Friday, March 25, 2011

Realizing a whole lot more

Realizing a whole lot more--maybe that is why I cried all day. Actually I cried all day because I am in terrific pain--both in my mutilated back and shoulders, and now from way too much fluid on my brain, behind my eyes, and on my face---the face you disfigured. You see, that is how I figured out that you, my tormentors were Aryan--because you pumped up the inside of my cheekbone--apparently your idea of making up for the beauty you destroyed when your mutilations stole my one exceptional facial feature--my high cheekbones. But you didn't give me back the high cheekbones I once had, and I know why---because my original high cheekbones make me look Indian, and you with your pathetic, disgusting racial purity cannot abide anything but "Caucasian" features. Well, I HATE, LOATHE, AND DESPISE the cheekbones that you plumped out on my face. They may make me look European perfect, but THEY ARE NOT ME, and I HATE THE LOOK AND DESPISE YOUR RACIST IMPERIALISM--the worst imperialism of all--undeserved and violent rapine and abuse of another human's body.

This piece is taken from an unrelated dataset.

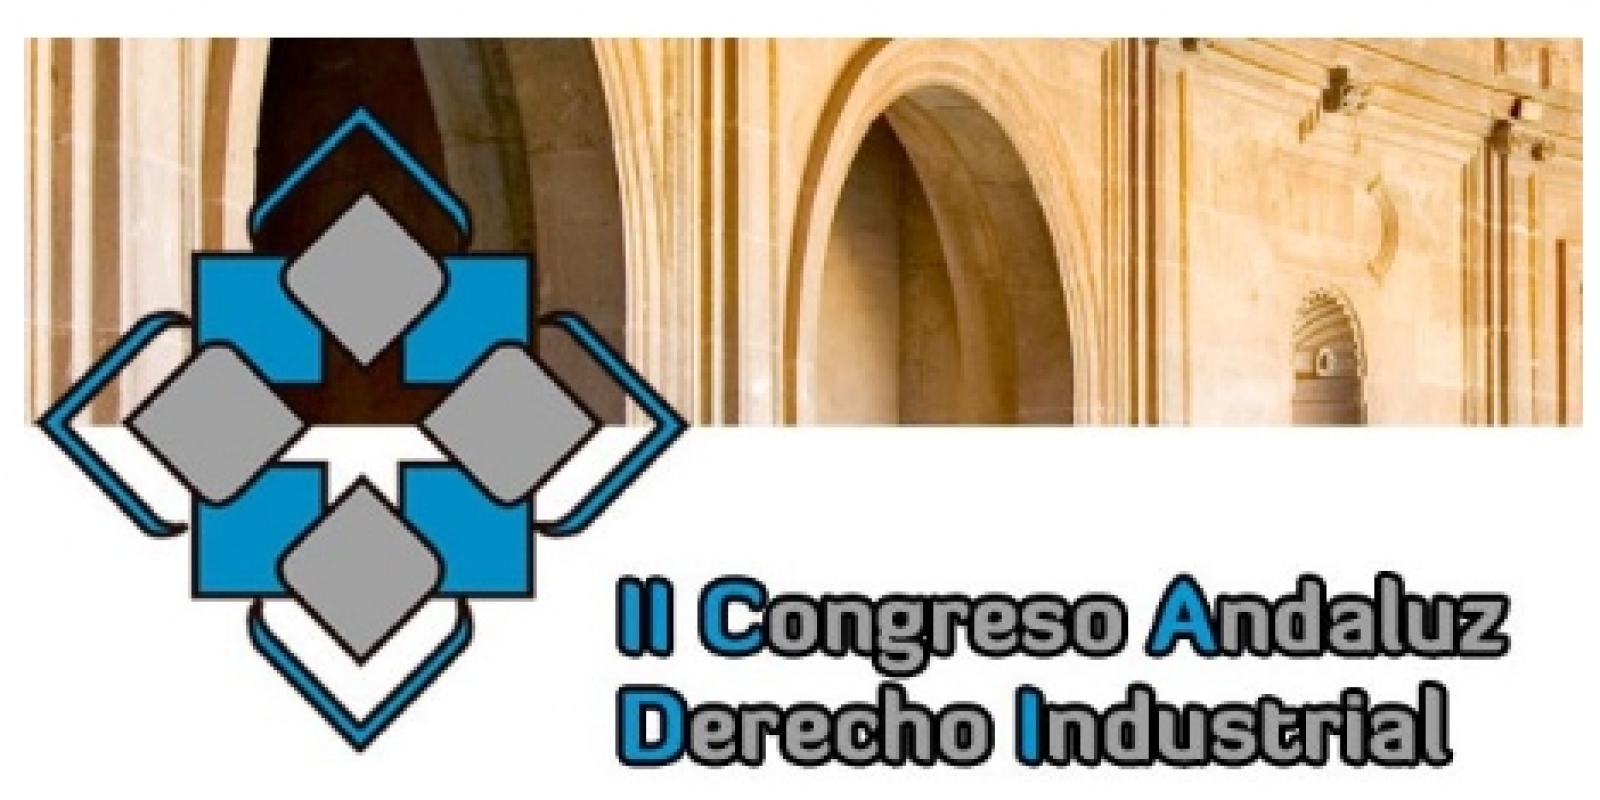 Segunda edición del Congreso Andaluz de Derecho Industrial.

I should have known that it was the Aryans mutilating me all along, but the Sirian/reptilians and the Borg Machine and their human stenchmen got involved, and so much abuse was coming at me from all sides, that I couldn't get things clear. But, oh baby, things are becoming clearer and clearer. I thought that the Aryans were wiped out in the October victory led by our cosmic friends. I thought that just a few were left. I remember being very worried that my children might be upset with me, because I had contributed to that victory. I was so happy when I realized that they were actually thrilled, but I still didn't snap. I do now. MY CHILDREN WERE ARYAN SLAVES!!!!! A little while ago I took a Phenergan and then a full Vicodin because the pounding pain in my face, head, and body was causing severe nausea. It is a good thing I have major sedatives in me, or I would be screaming at the top of my lungs and throwing anything my hands could grasp. They say hell hath no fury like a woman scorned, but I tell you what's worse--the righteous fury of a woman who knows her children have been ENSLAVED BY ABUSIVE PIGS.

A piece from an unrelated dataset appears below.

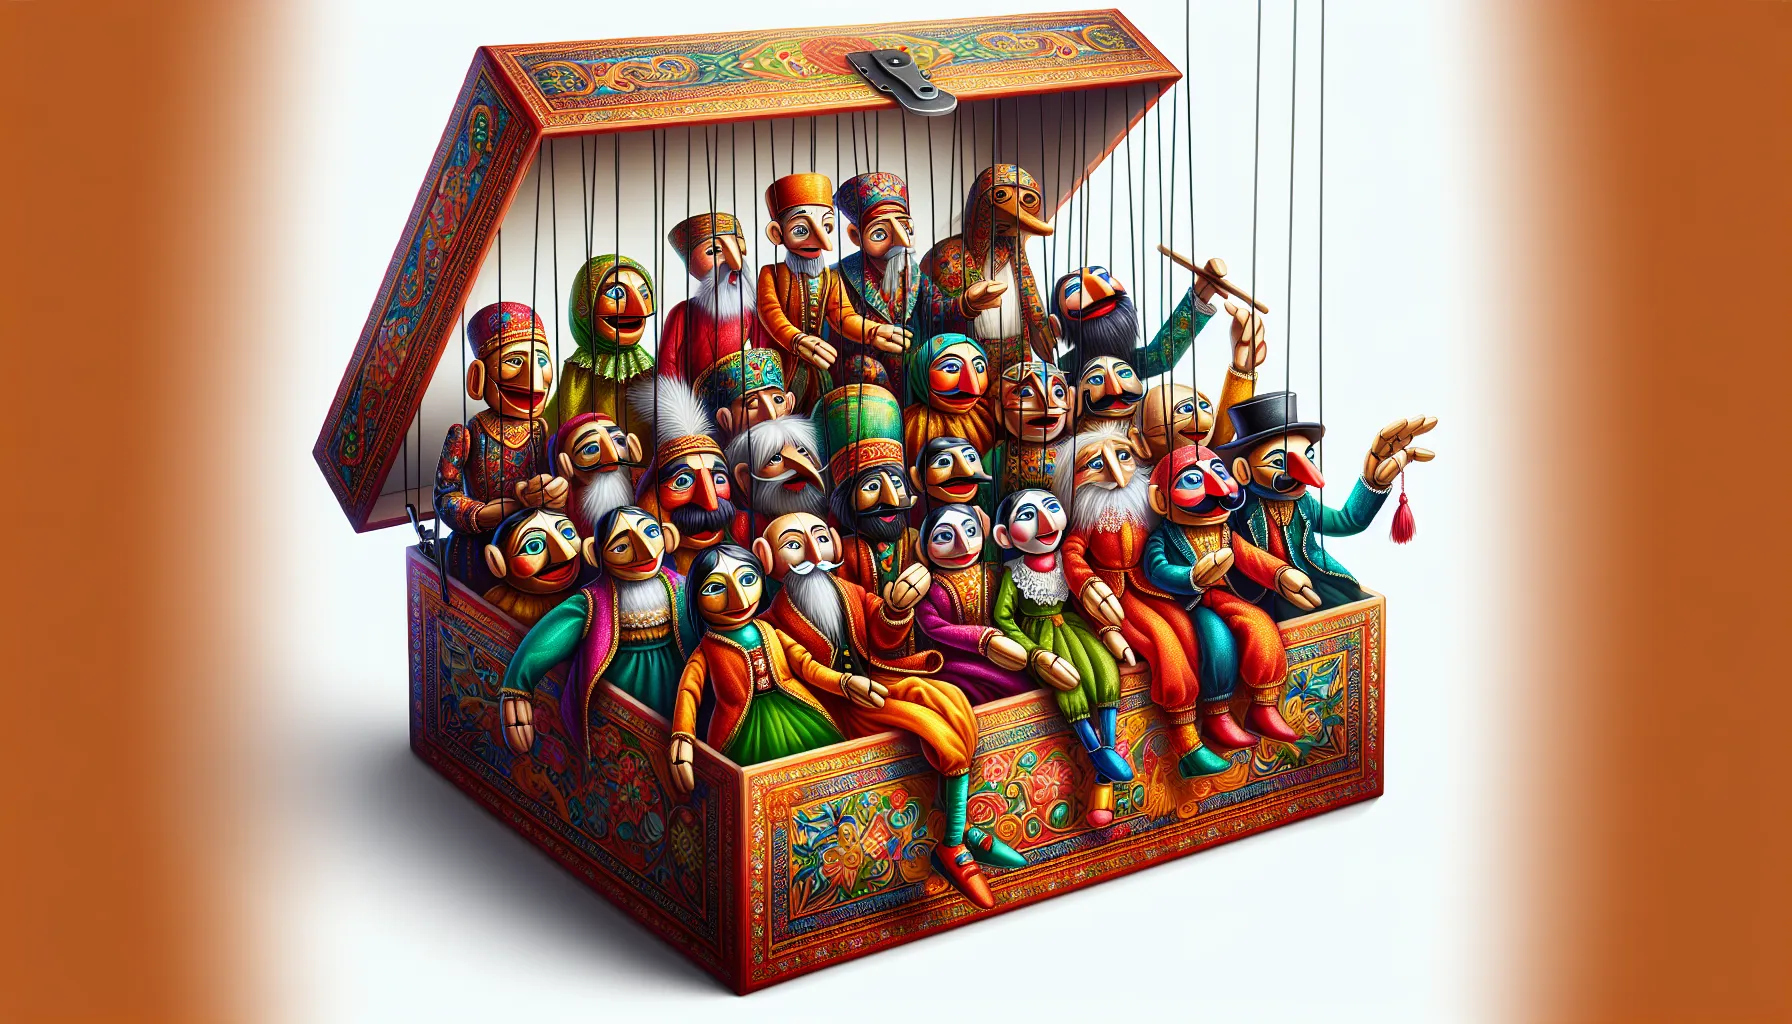 Uma caixa de fantoches é uma caixa onde são guardados e organizados os fantoches. Os fantoches são bonecos ou marionetes que são usados para contar histórias ou encenar peças teatrais. Essa caixa é geralmente feita de madeira ou papelão e possui compartimentos ou divisórias para armazenar cada fantoche de forma organizada. Ter uma caixa de fantoches facilita o

I had seen the torture and enslavement reflected back at me from my children's eyes, but from my reading, I thought that it just sucked to be an Aryan--that the reptiles were responsible for the endured suffering and pain I could see in their eyes. But it doesn't suck to be an Aryan, does it? It sucks to be a BROWN Aryan, an ABORIGINAL Aryan, a JEWISH BLODDLINE Aryan--doesn't it? I realize now that when you Aryan pigs went to steal my eggs, that slavery was what you had in mind for my offspring, BEFORE THEY WERE EVEN CONCEIVED AND QUICKENED. You thought that they had good genes for being psychically responsive, but you KNEW of my "mongrel" (Brown, Jewish, Native American) genes, and my children were slotted to slaves from the get go. Thanks to Arizona Wilder, I know what my children provided you. They were the lightning rods for the reptiles' anger and abuse, weren't they? Were they sexually violated by those lizards? Did any of the "pure" blue eyed blondies rape my daughters, or are their dicks too pure for brown flesh? Well, let me tell you something, you Aryan pigs. I am enraged and griefstricken over what befell my children, so much so, that even now, I won't dwell on it, because it is too emotionally upset. But no matter what my kids endured (and I can see in their eyes that they endured a lot), they still are the "superior" ones--that is, every one I have seen, still is in touch with their soul, and that is more than I can say for the blue eyed blondie Aryans I have seen. Though it pains me to even touch upon what they must have endured, I am glad, for loving them is much easier and more natural, than the thought of trying to feel affection for one of the blond, blue eyed crowd. The latter can only be done with great and disciplined effort through Christ, but one way I know my children is that my heart spontaneously warms to them when I have seen them (and some I have only seen, and never talked to). My children may be tyrannized by an inner evil spirit, as is their mother, but I can see the spirit of God within them, and that is more than I can say for you.

I just have one question on my mind....do you Aryan pigs still have any of my children in slavery? I am too distraught to get an honest answer, even from my inner voice, but I think so. And guess what, suffering for them and for the spiritual liberation of my physically free children is the spiritual reason and meaning I give my own hellacious suffering that you pigs put upon me now.

This thread is not over by a long shot, but the drugged body needs to rest. Understand one thing--I will not serve you Aryans, ever. I have no desire to do anything to save you, AND NEVER WILL, UNTIL I AM SURE THAT EVERY ONE OF MY KIDS IN YOUR ENSLAVEMENT IS SAFE, SOUND, AND WORKING TOWARDS THEIR OWN SPIRITUAL HEALING. Kidnap me all you want, drug me all you want, mutilate and inflict constant pain on me all you want. God is a good God, and I think God will give me the ability to resist you.